使用 python 提取 XML 数据答案

【问题标题】：Extract XML-data with python使用 python 提取 XML 数据
【发布时间】：2021-05-29 14:05:20
【问题描述】：

我在 XML 格式的 <list> 中有大量不同作者及其所选作品的列表（命名为 bibliography.xml）。这是一个例子：

<list type="index">
                <item><persName>Poe, Edgar Allan</persName>, <note>1809—1849</note>, <bibl>The Black
                        Cat 1843 (<abbr>Cat.</abbr>).</bibl> — <bibl>The Gold-Bug 1843
                            (<abbr>Bug.</abbr>).</bibl> — <bibl>The Raven 1845
                        (<abbr>Rav.</abbr>).</bibl></item>

                <item><persName>Melville, Herman</persName>, <bibl>Benito Cereno 1855
                            (<abbr>Ben.</abbr>)</bibl> — <bibl>Moby-Dick 1851
                        (<abbr>MobD.</abbr>)</bibl> — <bibl>Typee: A Peep at Polynesian Life 1846
                            (<abbr>PolyL.</abbr>)</bibl></item>
                
                <item><persName>Barth, John</persName>, <note>(*1930)</note>, <bibl>The Sot-Weed
                        Factor 1960 (<abbr>Fac.</abbr>)</bibl> — <bibl>Giles Goat-Boy 1960
                            (<abbr>Gil.</abbr>)</bibl></item>
            </list>

import xml.etree.ElementTree as ET

tree = ET.parse('bibliography.xml')
root = tree.getroot()

for work in root:
    if(work.tag=='item'):
        print work.get('persName')
            if (attr.tag=='abbr')
                print (attr.text)

显然它不起作用，但由于我对 python 完全陌生，所以我无法全神贯注于我做错了什么。如果有人可以在这里帮助我，将不胜感激。

【问题讨论】：

好吧，这很奇怪，因为 Oxygen 和其他一些验证器可以使用 XML。请记住，我只是发布了<list> 的 sn-p，而不是整个 TEI-Header、正文等。

标签： python xml extract

【解决方案1】：

即使我尝试了与您相同的方法，也遇到了同样的问题。
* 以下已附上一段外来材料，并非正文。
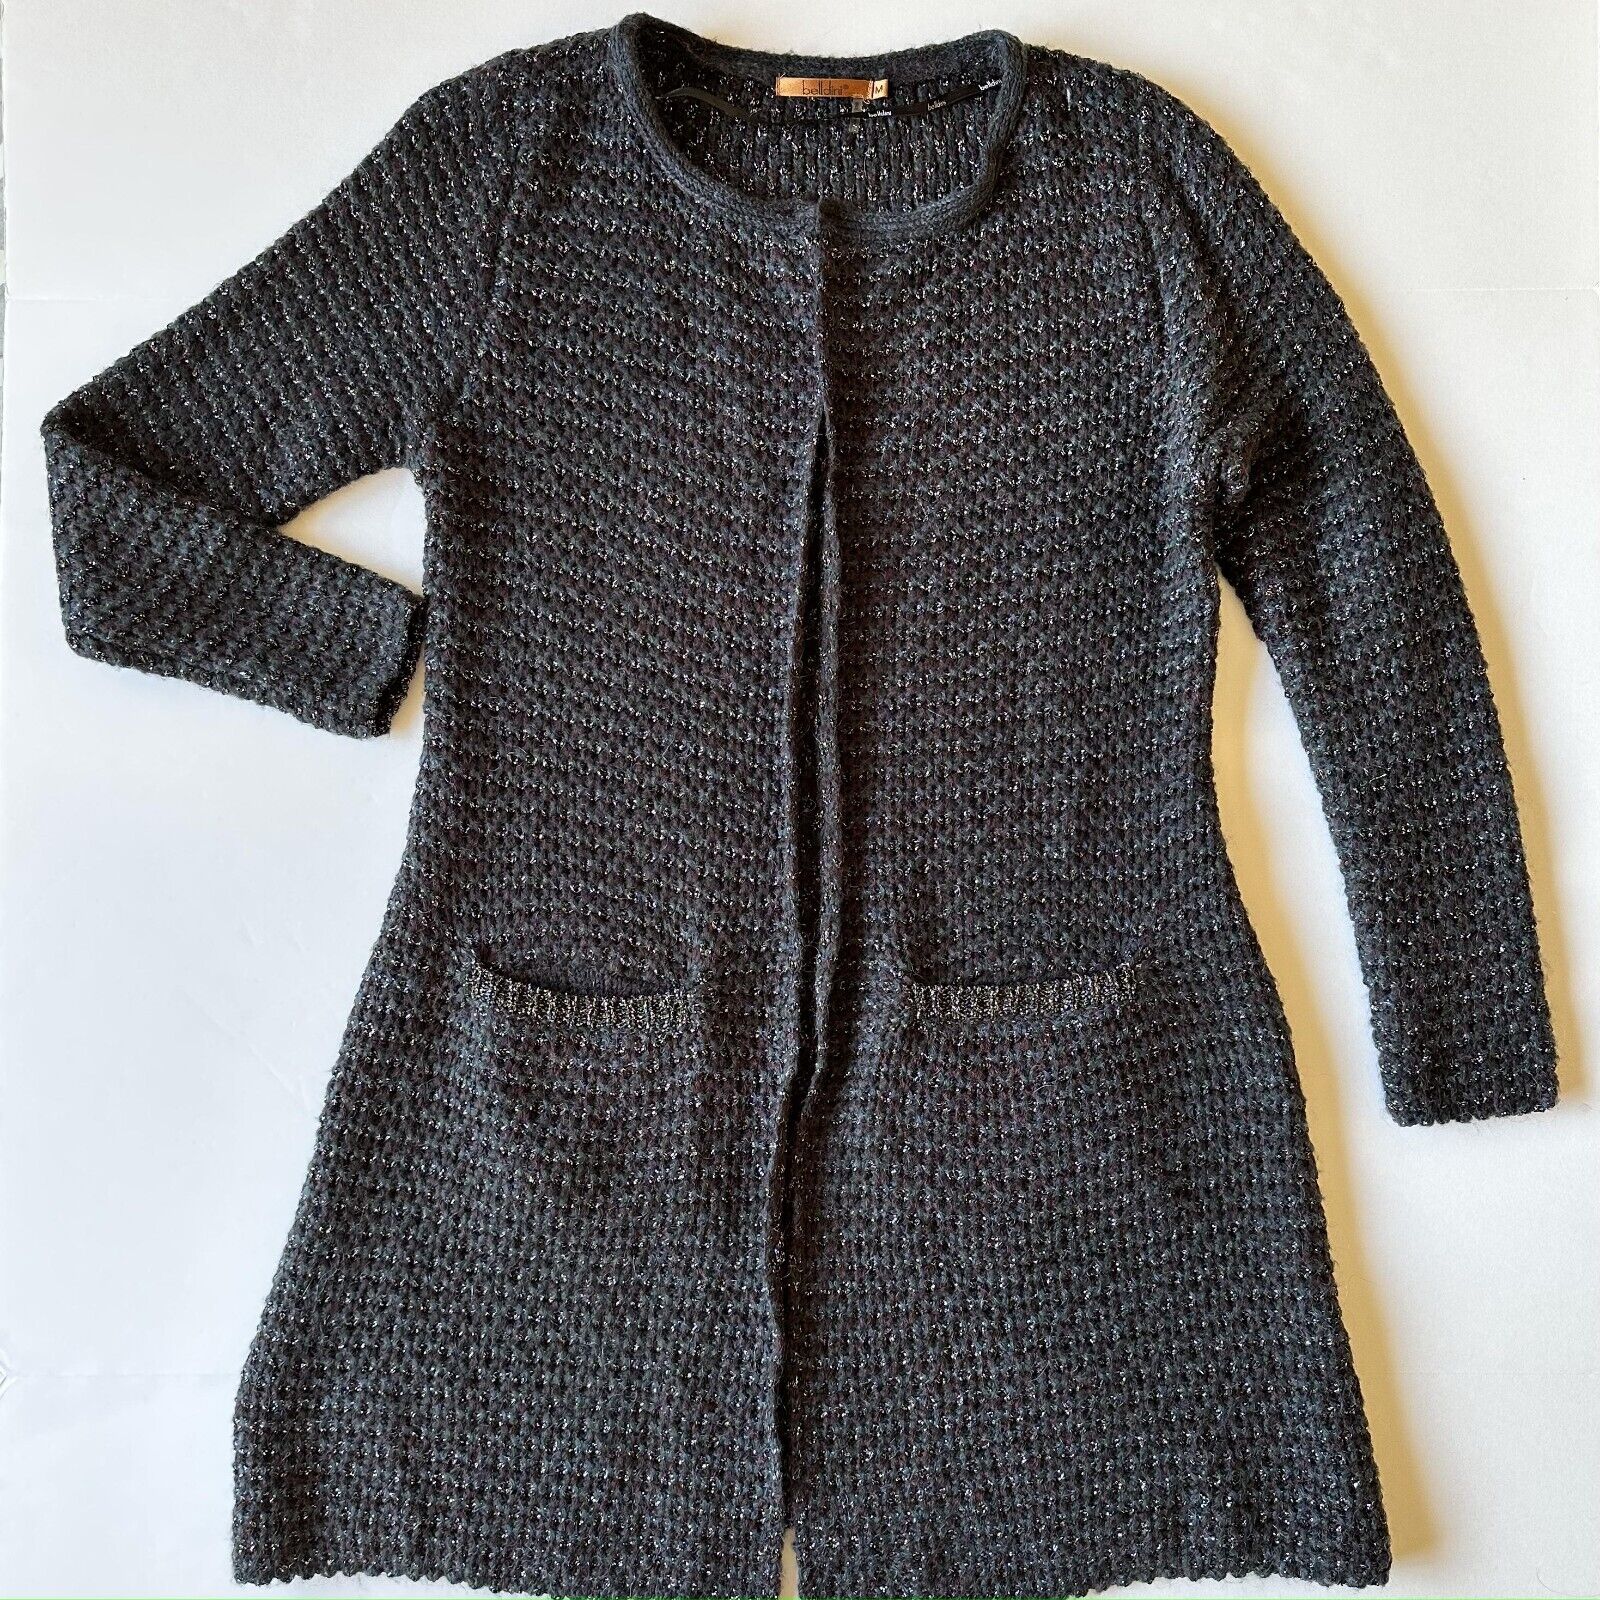 Belldini Women Open Cardigan Jacket Black Long Sleeve Sweater Pocket Size M Knit

我别无选择，只能将整个 xml 转换为 pretty-xml，并将其视为单个字符串。然后将每一行迭代到一个特定的标签。

import xml.dom.minidom

dom = xml.dom.minidom.parse("bibliography.xml")
pretty_xml = dom.toprettyxml()
pretty_xml = pretty_xml.split("\n")
start, end = [], [] # store the beginning and the end of "item" tag

for idx in range(len(pretty_xml)):
        if "item" in pretty_xml[idx]:
            if "/" not in pretty_xml[idx]:
                start.append(idx)
            else:
                end.append(idx)

现在您知道在 start[0] 和 end[0] 之间您有第一个数据点可用。同样明智地使用“if”条件依次迭代两个列表的所有元素，结构有点像这样（我不是在编写整个代码）：

for idx in range(len(start)):
    for line in pretty_xml[start[idx] + 1 : end[idx]]:
        line.split("persName")[1].replace("<","").replace(">","").replace("/","")
         ...
         ...

（如果您找到更好的结构化方法，请告诉我。）

【讨论】：

非常感谢您的回答。我试过了，但我得到了回复：>IndexError: list index out of range 在stackoverflow (stackoverflow.com/questions/37619848/…) 上也有一些解决我的问题的方法，但它仍然无法正常工作。
您在代码 sn-p（我共享的）的第一部分或第二部分是否出错？您是否能够填充“开始”和“结束”列表？
第一部分说 "dom = xml.dom.minidom.parse("bibliography.xml")" 第二部分说上面已经提到的

【解决方案2】：

考虑使用XPath 来获取数据。只需致电tree.xpath("//item") 即可退回所有商品。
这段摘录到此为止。